- Tiens M'sieur Claude… Retour à la musique de chambre et à Schubert
après deux articles de musique française avec orchestre…
- Oui Sonia, j'aime bien varier les plaisirs. Et puis je n'ai jamais
parlé du Quatuor Alban Berg, une des meilleures formations du XXème
siècle…
- Ah il n'existe plus, c'est un vieux disque alors ?
- Ils ont joué ensemble de 1971 à 2008 ! Et comme tous, l'âge venu… Leur
dernier concert a eu lieu, à Buenos Aires…
- M'sieur Pat m'a dit que ce quintette avec deux violoncelles est l'une
des merveilles de la musique de chambre, voire de la musique tout
court…
- Il a bien raison !
En 1970 quatre professeurs
viennois décident de créer le quatuor
Alban Berg
du nom du compositeur élève de
Schoenberg
et auteur du concerto sérialiste pour violon "à la mémoire d'un ange", l'un des plus beaux écrits au XXème siècle (Clic). Ce choix de nom montre le désir d'ouvrir le répertoire de
l'ensemble du catalogue classique jusqu'à la musique contemporaine.

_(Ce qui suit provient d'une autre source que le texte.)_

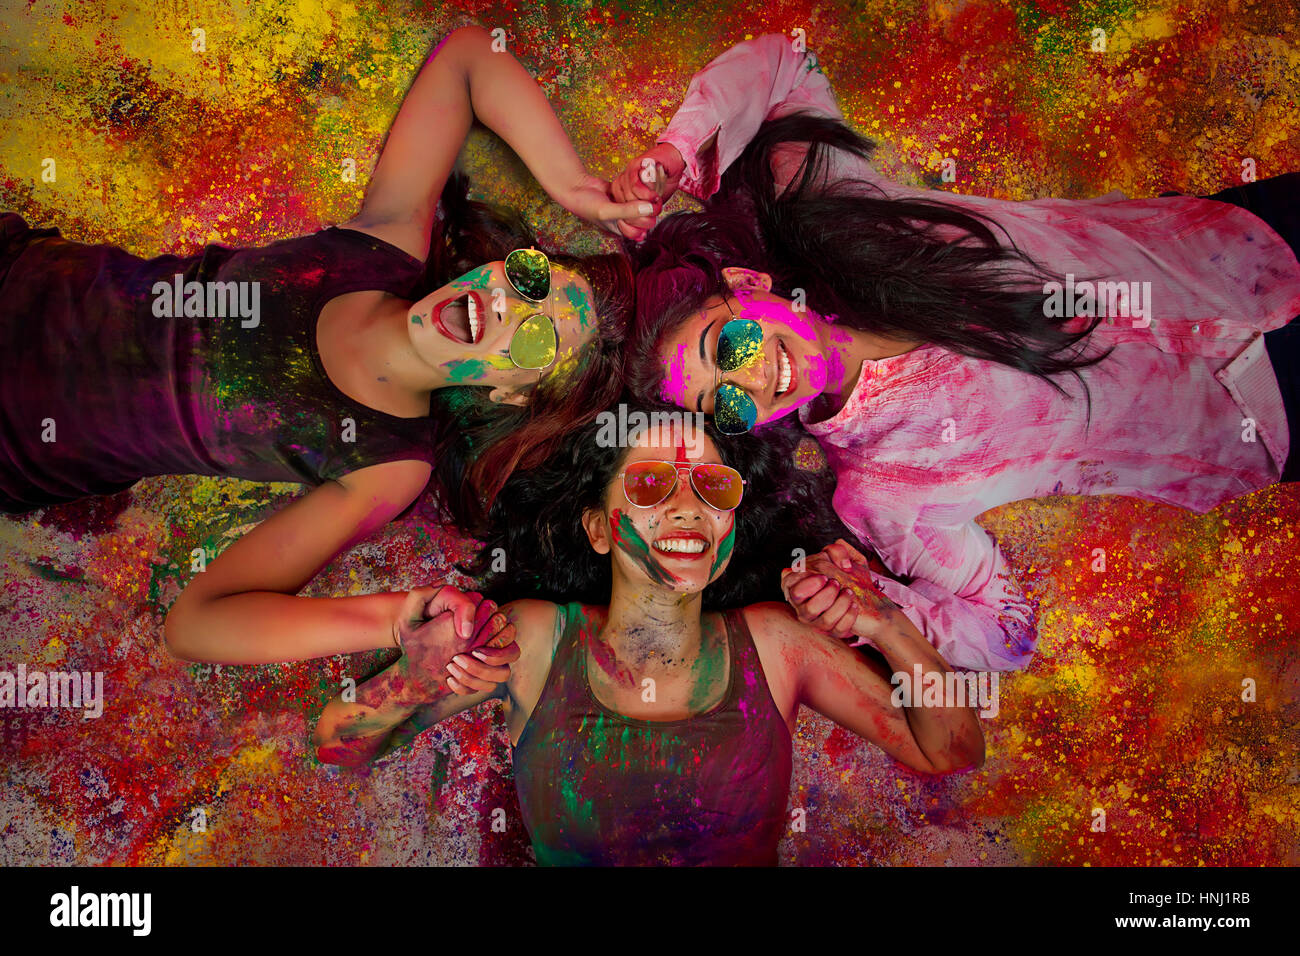 Elevato angolo di visione indiana di ragazze adolescenti giacenti e coperto di polvere colorata durante Holi festival a colori Foto Stock

Günther Pichler, le premier violon et
Valentin Erben, le violoncelliste, seront pendant 38 ans les piliers du quatuor. Le
second violon et l'altise changeront de titulaire en
1977 et en
1981 au gré des carrières et de
la vie musicale. Dans notre CD du jour, c'est
Gerhrad Sculz
et
Thomas Kasuska
qui occupent ces deux pupitres. En
2005,
Thomas Kasuska
apprend que ses jours sont comptés à cause d'un cancer grave. Il désigne
pour lui succéder l'une de ses élèves :
Isabel Charisius. La jeune femme accompagnera l'ensemble jusqu'à sa tournée d'adieu en
2008. Le quatuor était enchanté
de la présence de la jeune altiste, mais la disparition de
Kasuska, qui avait accepté de troquer le violon pour l'alto en 1981, avait laissé
une cicatrice douloureuse.
Le quatuor
Alban Berg
est considéré comme l'un des ensembles majeurs du XXème siècle à l'instar du
Quatuor
Amadeus. La discographie est considérable : les intégrales des quatuors de
Beethoven, de
Haydn, de
Brahms, de Bartók, etc. et de nombreux albums isolés :
École de Vienne, des créations modernes d'œuvres de
Alfred Schnittke
et
Luciano
Berio
pour citer les compositeurs les plus marquants.
Le
Quatuor Alban Berg
a essentiellement enregistré pour la firme
EMI. Espérons que
l'appropriation du label par
Warner
Classic permettra la poursuite
de l'édition du patrimoine discographique des
Berg.
Heinrich Schiff
est né quelques heures après moi, le 18 novembre
1951 (c'est fou non !). Moi au
pied de la butte Montmartre, et lui en Autriche. Il a étudié son instrument
sous la houlette du grand violoncelliste et pédagogue français
André Navarra
(1911-1988). Il a été également élève de
Hans Swarowsky
pour
la direction d'orchestre, mais n'a commencé à diriger qu'en
1986.
Il occupe la première place sur le podium des violoncellistes germaniques
depuis la disparition de
Siegfried Palm
en 2005. Il a eu comme élève
Gautier Capuçon
dont nous avons parlé il y a deux semaines (Clic). Ses origines autrichiennes et son immense talent le désignait d'emblée
comme le complice idéal du
quatuor Alban Berg
pour cet enregistrement
Schubert
de 1982. Ah, j'oubliais, nous
l'avons déjà croisé dans le Deblocnot' lors d'un article consacré aux 2
concertos pour violoncelle
de
Chostakovitch
(Clic), gravure récompensée par un grand prix du disque.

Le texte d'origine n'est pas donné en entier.